Apart from speed, other elements can be used in benchmarking. Accuracy. Size of program. Footprint(s). Time(s) to boot, load, compile and get running - maybe compile on both the TI versus cross-platform. Amount of support besides stock console, eg. cartridge and Memory Expansion. Learning curve, going from this or that. Experience needed, optimizing TurboForth with or without inline assembly may require "Expert".

What I'm saying is probably, XB is good, old, easy, sleazy, sexy and/or quick for certain stuff. And vice versa.

Edited January 25, 2016 by sometimes99er

TheMole · January 25, 2016

The following GCC program, using Tursi's libti99 (which is the defacto standard utility library for GCC programs), clocks in at 15 seconds (hand-timed). I'll do an optimized version that writes to VDP RAM directly later today.

int main(int argc, char *argv[])
{
	// Set registers for graphics mode, with 8x8 sprite magnification on
	int regval = set_graphics(VDP_SPR_8x8MAG);
	VDP_SET_REGISTER(VDP_REG_MODE1, regval);

	// Drop sprite 0, with pattern 42 and the color green on the screen at position 1,1
	sprite(0, 42, 2, 1, 1);

	// Loop 100 times
	int x, y, cnt = 100;
	while (cnt)
	{
		for (x = 1; x < 240; x++)
			sprite(0, 42, 2, 1, x);
		for (y = 1; y < 176; y++)
			sprite(0, 42, 2, y, 240);
		for (x = 240; x > 1; x--)
			sprite(0, 42, 2, 176, x);
		for (y = 176; y > 1; y--)
			sprite(0, 42, 2, y, 1);

		cnt--;
	}

	while(1) { /* idle loop */ }; return 0;
}

So, non hand-optimized C code beats non hand-optimized assembler code. Although I guess that's to be expected when using the -Os flag.
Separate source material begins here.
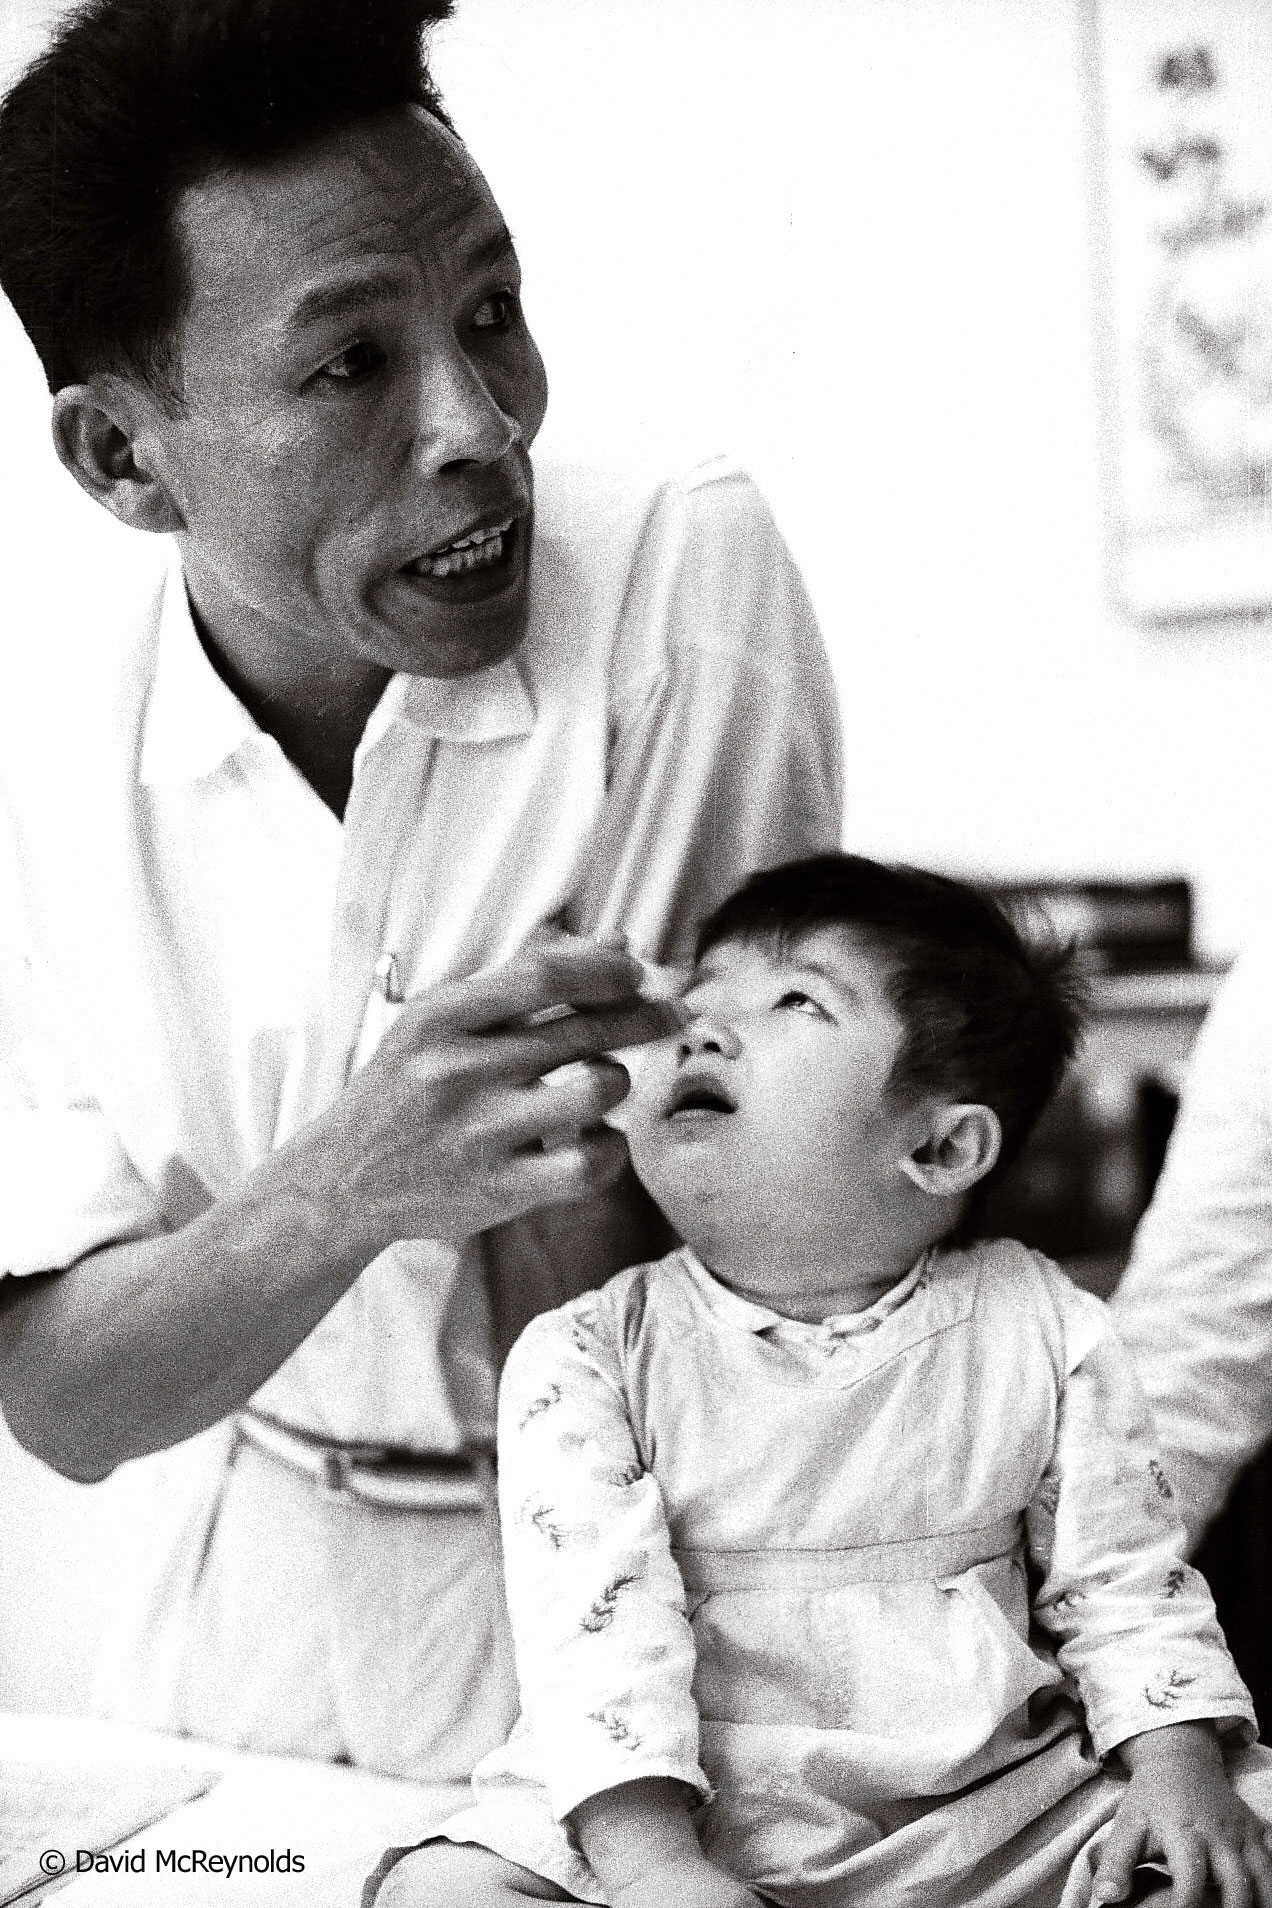  Child deformed by agent orange. Hanoi, 1971. 
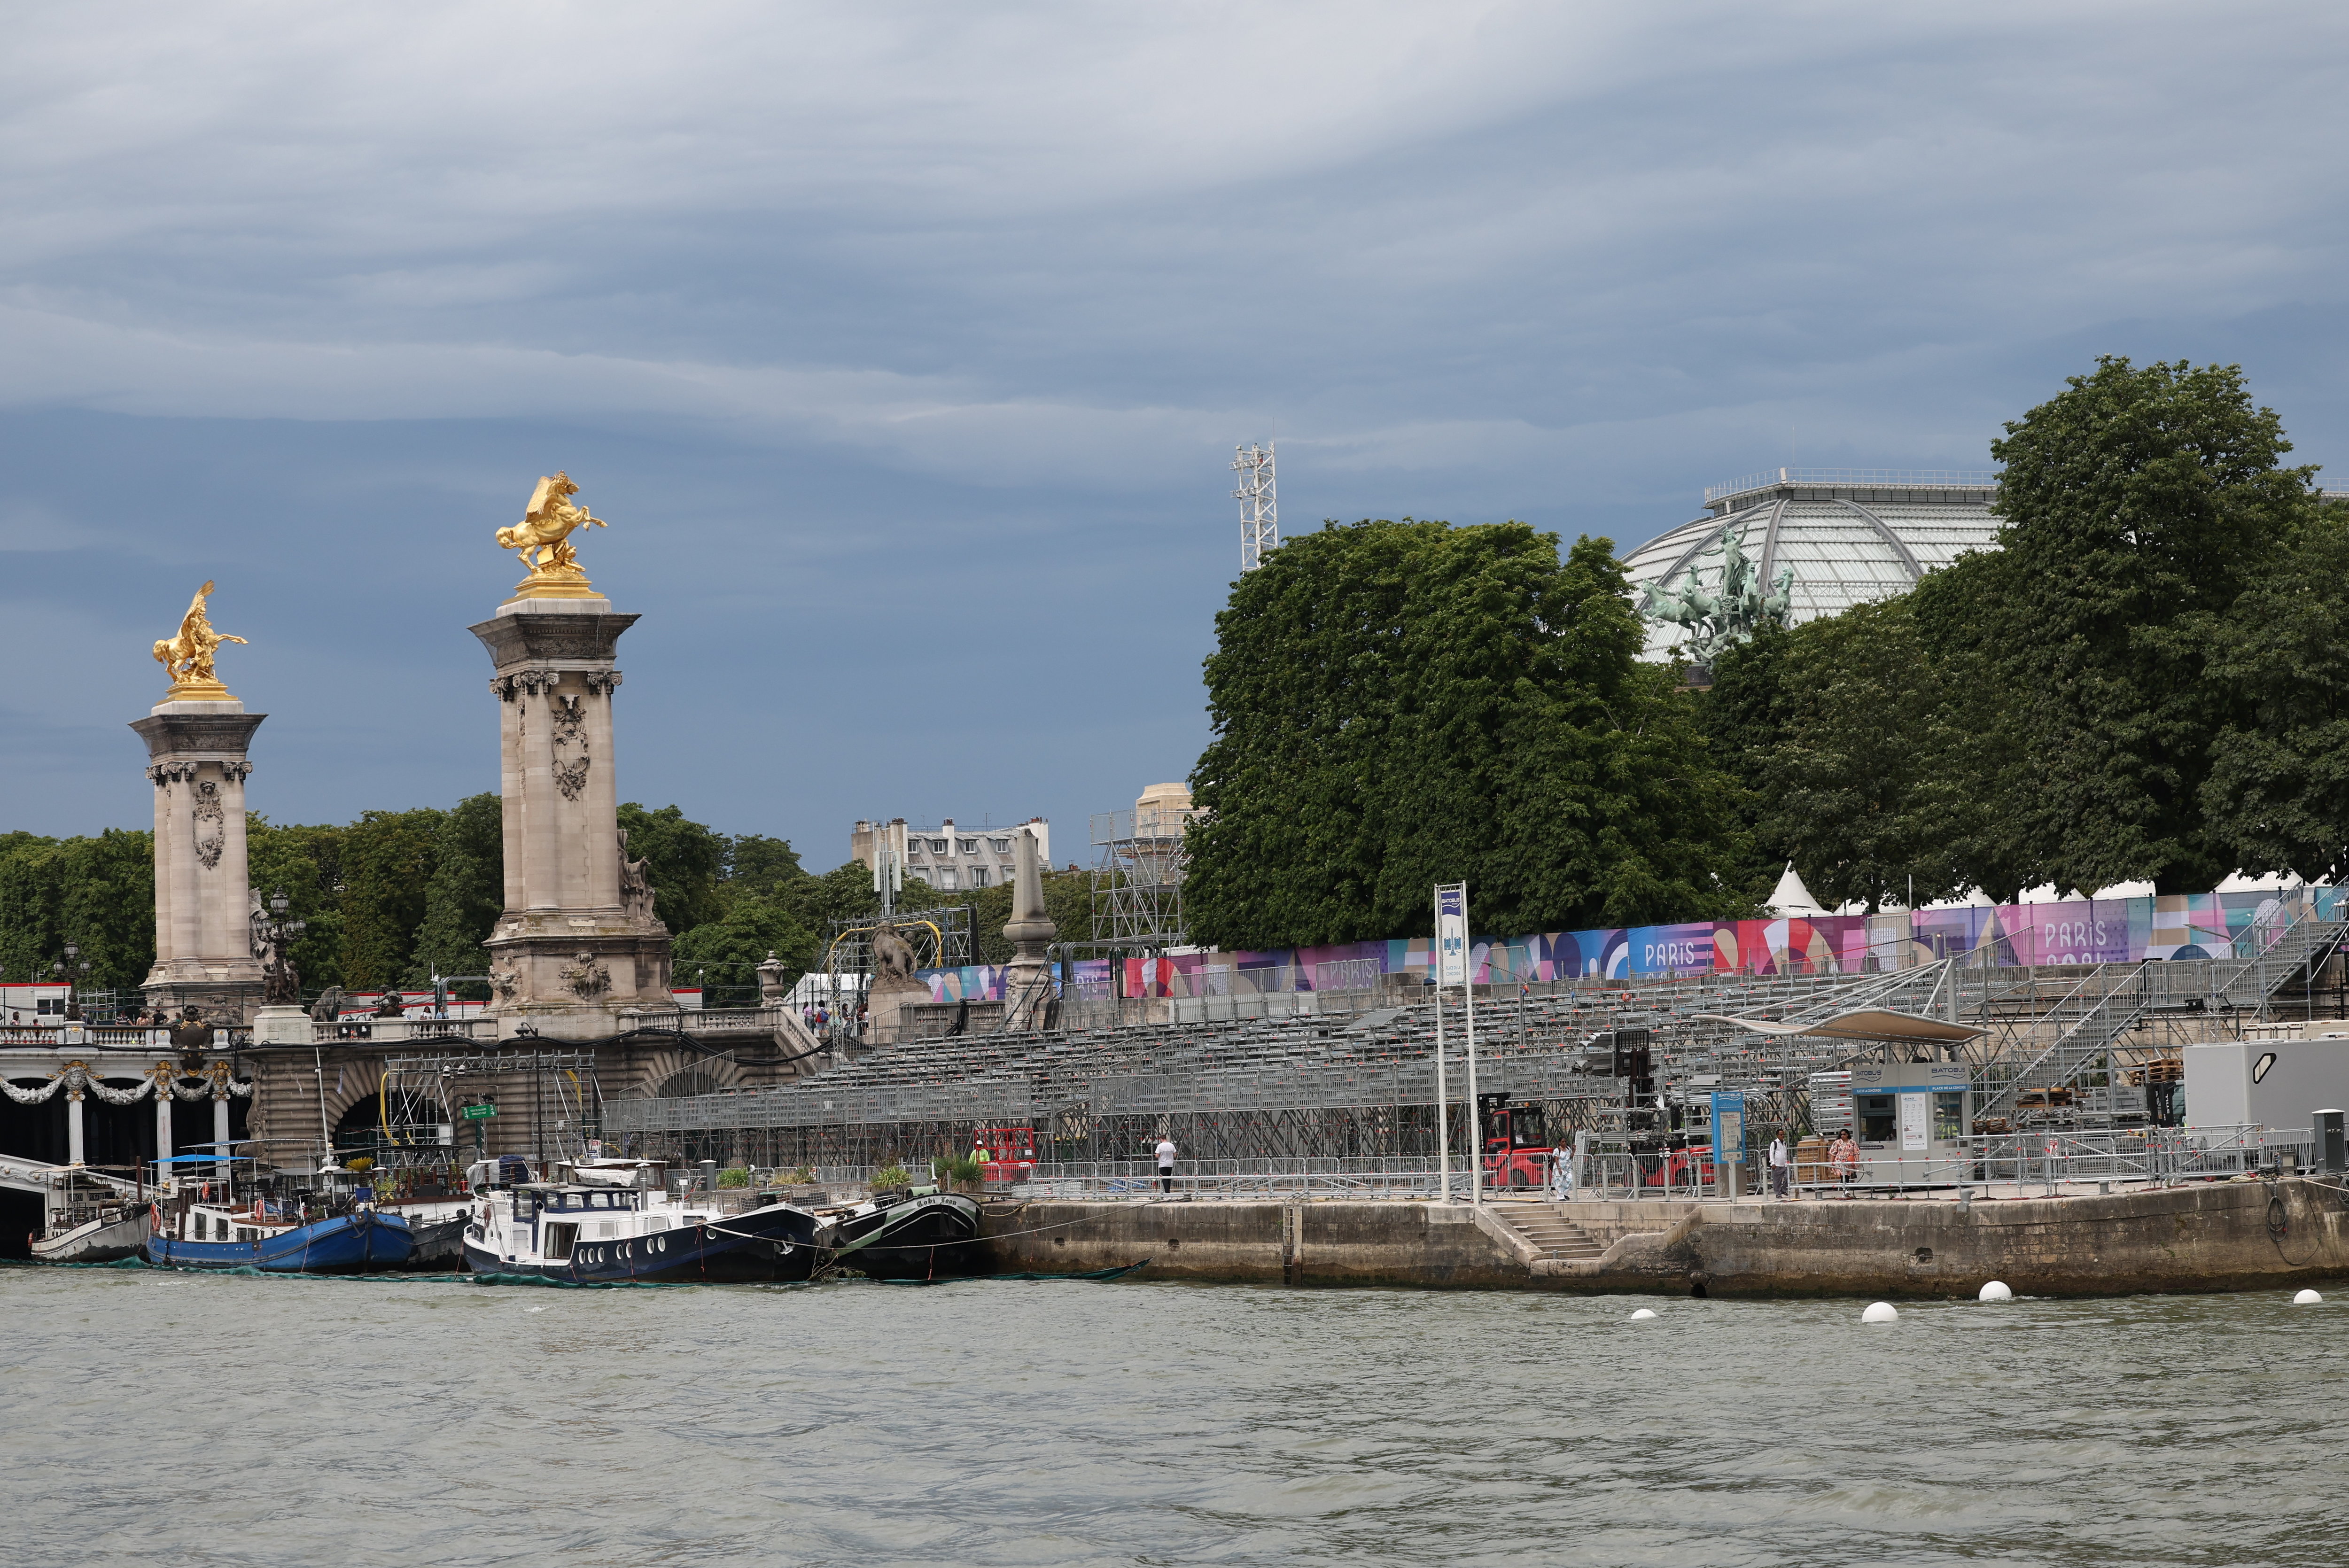 En cette mi-juillet, les tribunes et infrastructures sont en cours d'installation sur les quais de Seine à Paris pour la cérémonie d'ouverture des JO, rendant inaccessibles les berges. LP/Arnaud Journois

TheMole · January 25, 2016

And the following optimized version takes 5 seconds to run (again, timed by hand):

#define SPR0_X_VRAM_LOC		0x0301
#define SPR0_Y_VRAM_LOC		0x0300
int main(int argc, char *argv[])
{
	// Set registers for graphics mode
	int regval = set_graphics(VDP_SPR_8x8MAG);
	VDP_SET_REGISTER(VDP_REG_MODE1, regval);

	// Drop a sprite on the screen
	sprite(0, 42, 2, 1, 1);

	// Loop 100 times
	int x, y, cnt = 100;
	while (cnt)
	{
		for (x = 1; x < 240; x++)
		{
			VDP_SET_ADDRESS_WRITE(SPR0_X_VRAM_LOC);
			VDPWD = x;
		}
		for (y = 1; y < 176; y++)
		{
			VDP_SET_ADDRESS_WRITE(SPR0_Y_VRAM_LOC);
			VDPWD = y;
		}
		for (; x > 1; x--)
		{
			VDP_SET_ADDRESS_WRITE(SPR0_X_VRAM_LOC);
			VDPWD = x;
		}
		for (; y > 1; y--)
		{
			VDP_SET_ADDRESS_WRITE(SPR0_Y_VRAM_LOC);
			VDPWD = y;
		}

		cnt--;
	}

	while(1) { /* idle loop */ }; return 0;
}

Assembler is surely still faster, but 100 loops is not enough to expose a measurable difference.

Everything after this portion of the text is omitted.